Your task:
Every line below is to be copied exactly, with the pictures left out.

Raw data:
────────────────────────────────────────
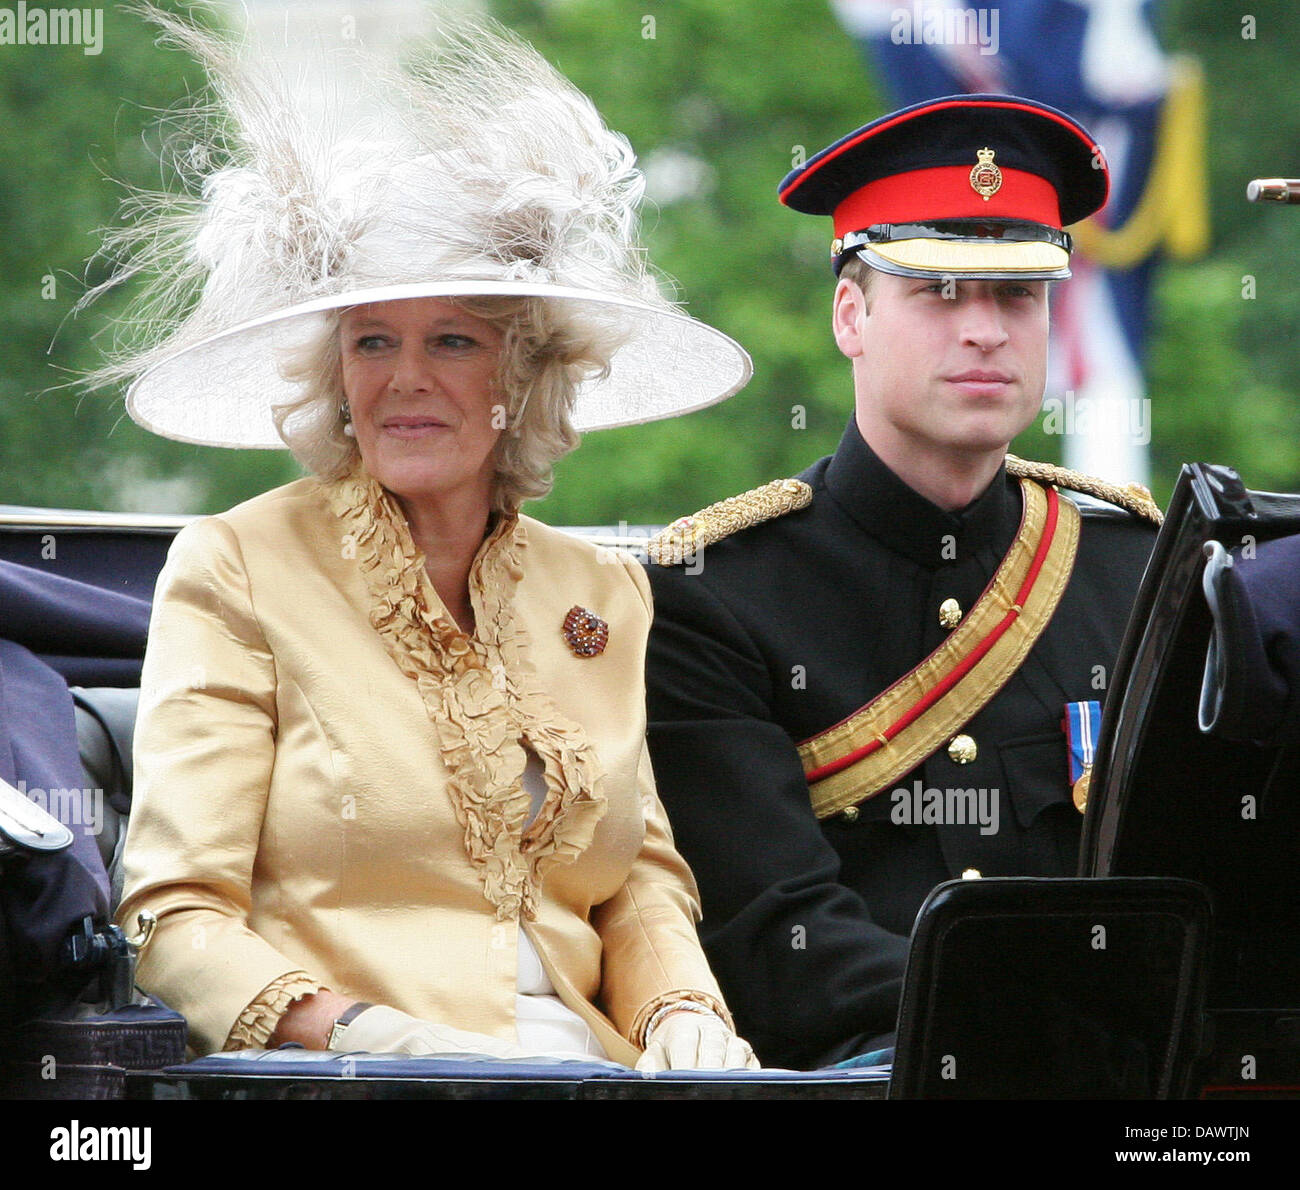 HRH Prince William of Wales (R) and Camilla Duchess of Cornwall (L) pictured during the annual Trooping the Colour parade in honour to The Queen's birthday at Buckingham Palace in London, United Kingdom, 16 June 2007. Photo: Royal Press Europe-A. Nieboer (NETHERLANDS OUT) Stock Photo
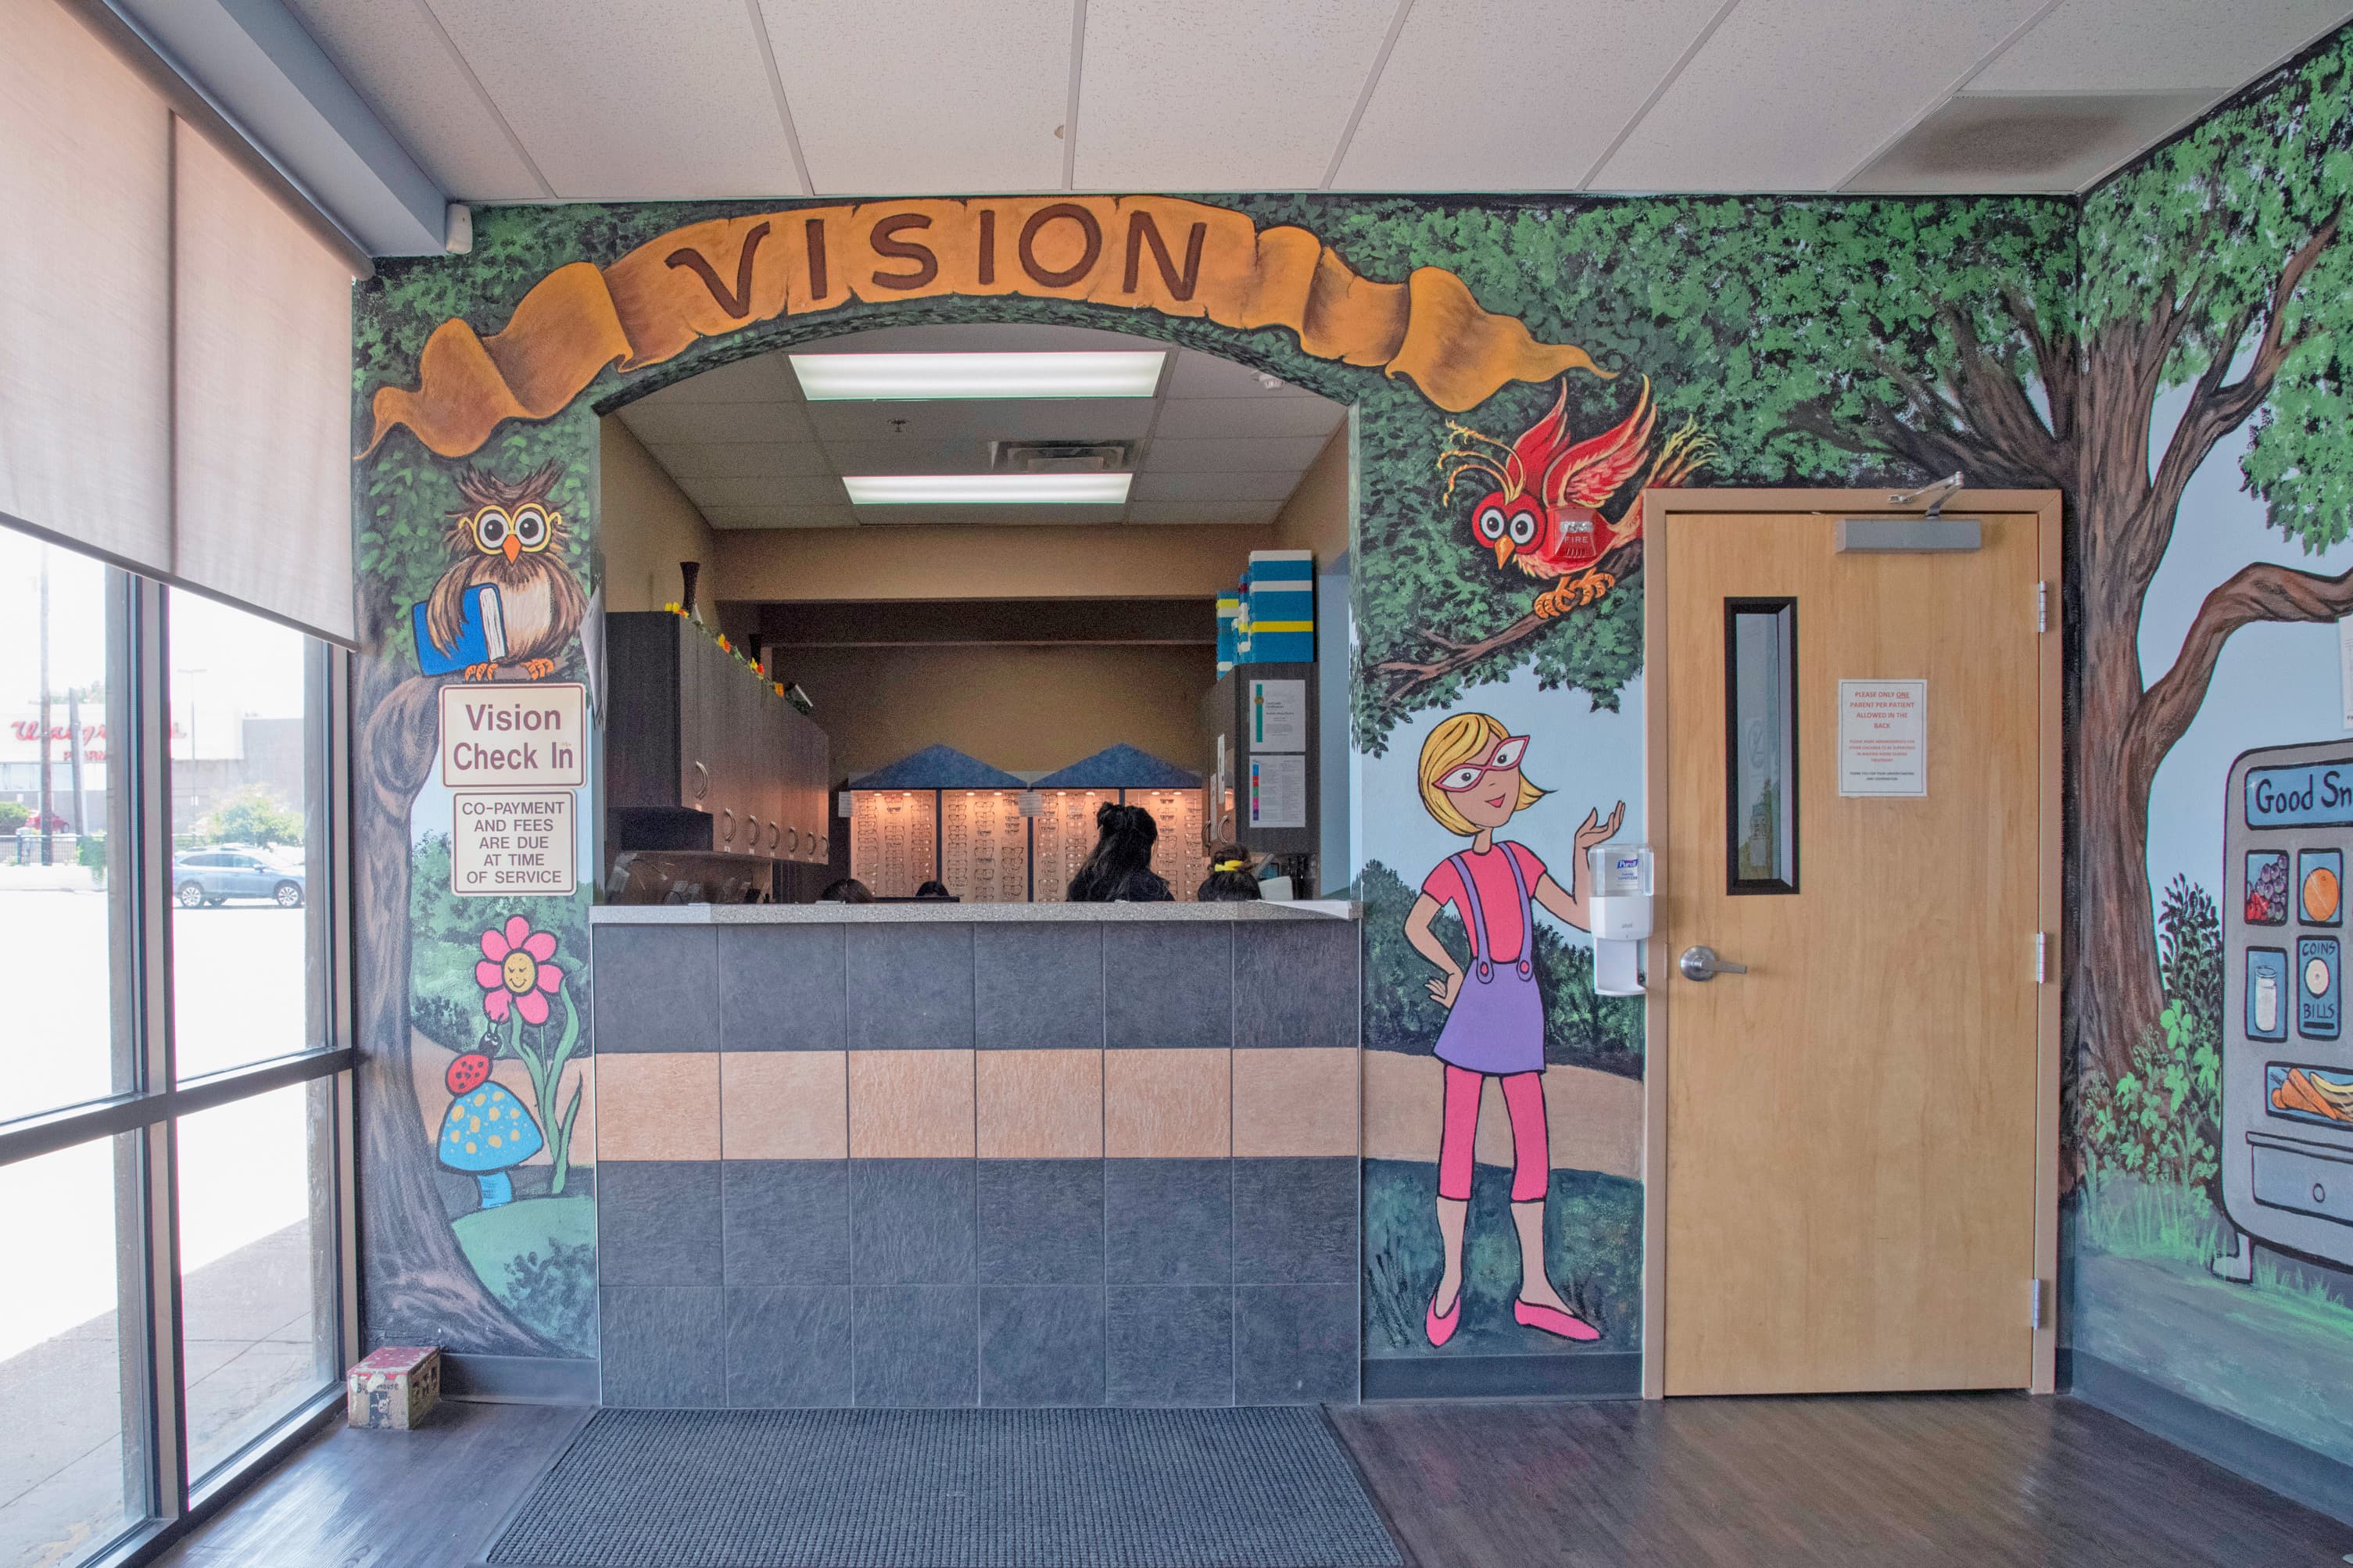 reception desk that says kid's vision with cartoon characters
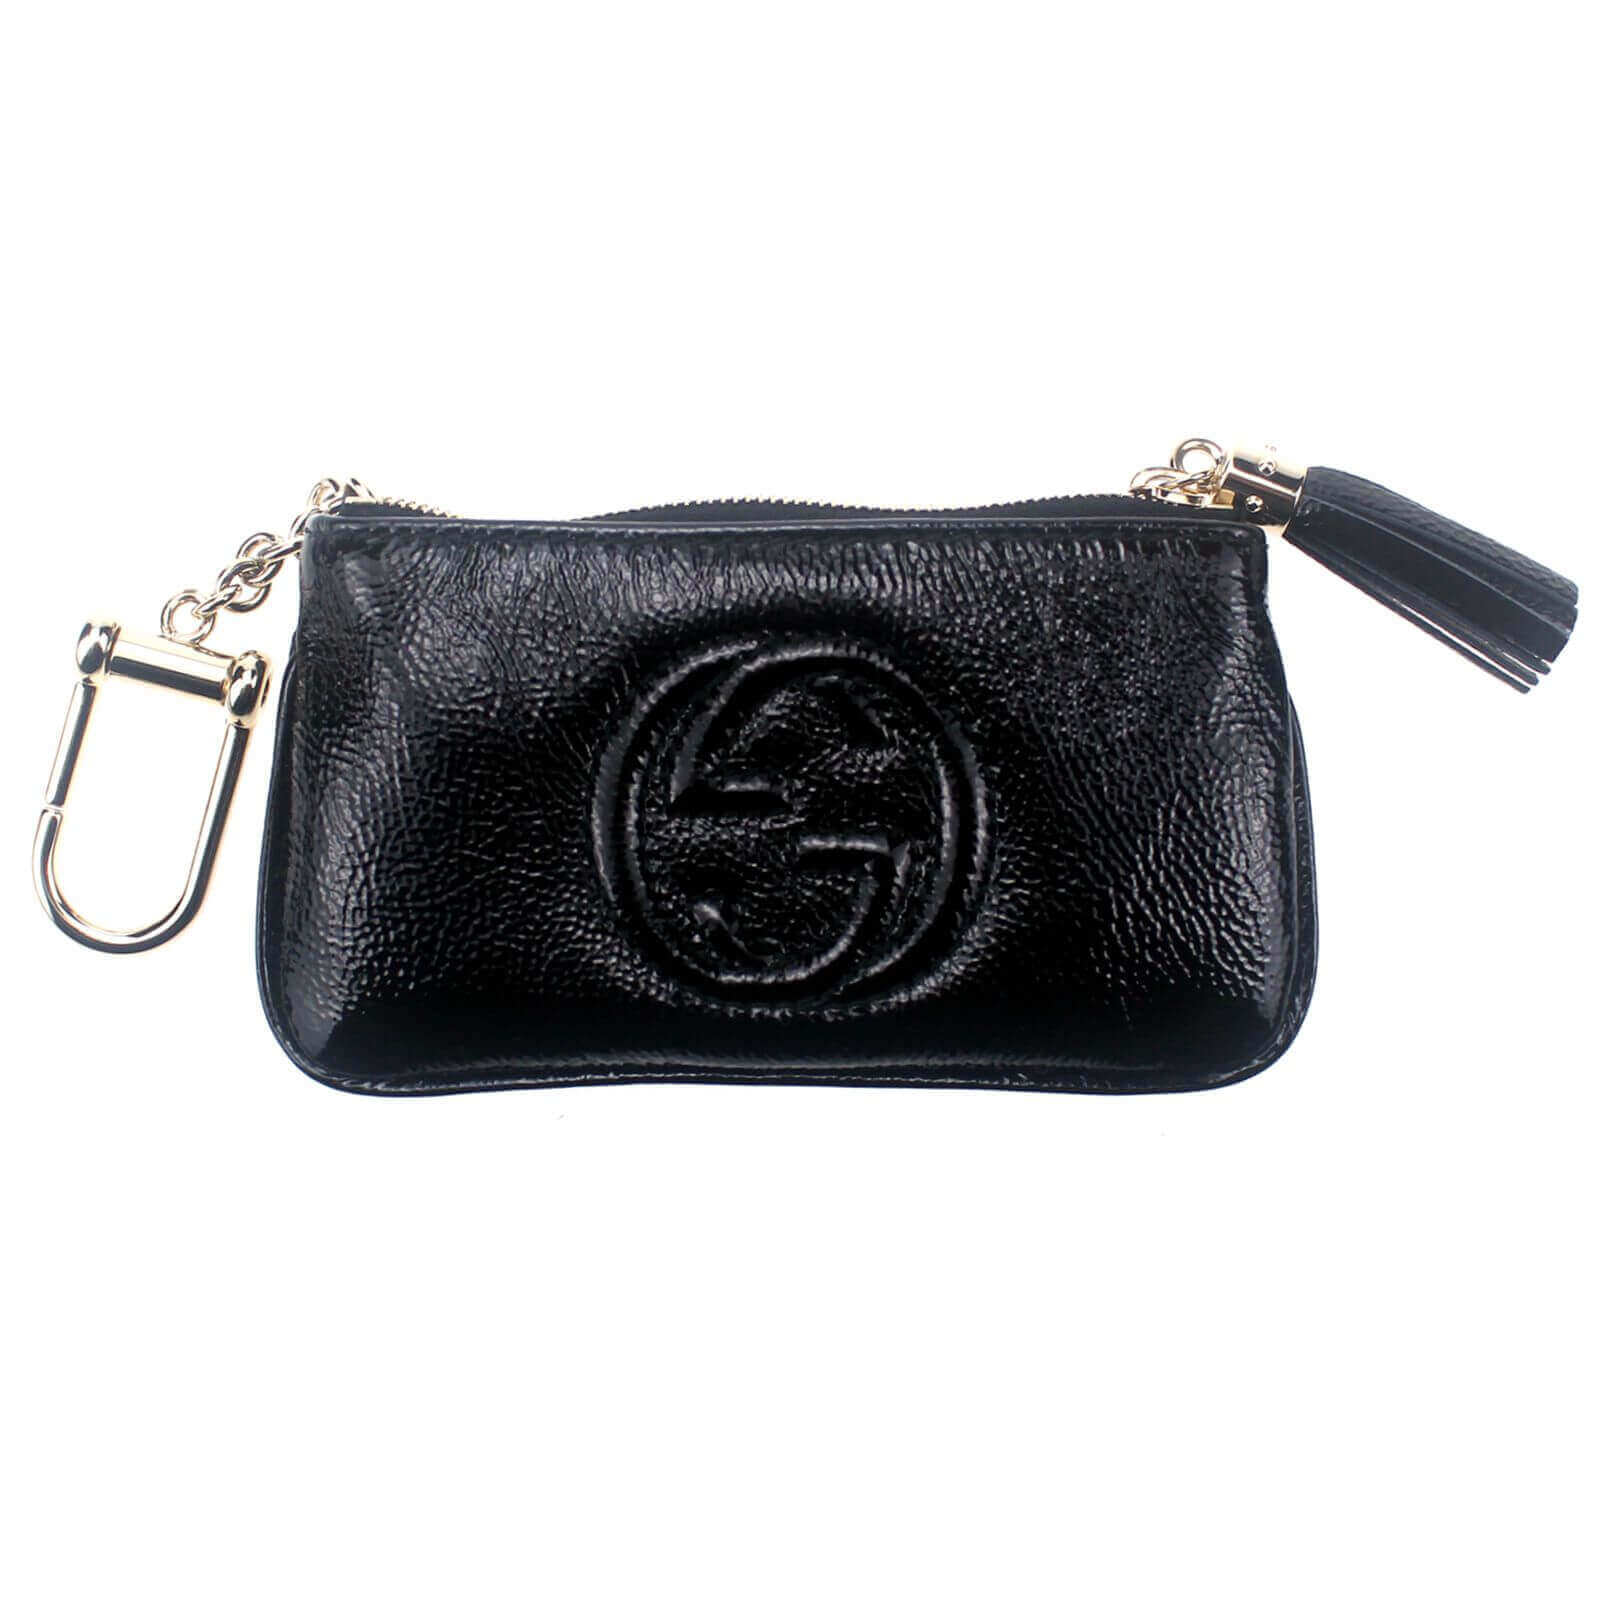 gucci coin pouch keychain
────────────────────────────────────────
Written reply:
 HRH Prince William of Wales (R) and Camilla Duchess of Cornwall (L) pictured during the annual Trooping the Colour parade in honour to The Queen's birthday at Buckingham Palace in London, United Kingdom, 16 June 2007. Photo: Royal Press Europe-A. Nieboer (NETHERLANDS OUT) Stock Photo
 reception desk that says kid's vision with cartoon characters
 gucci coin pouch keychain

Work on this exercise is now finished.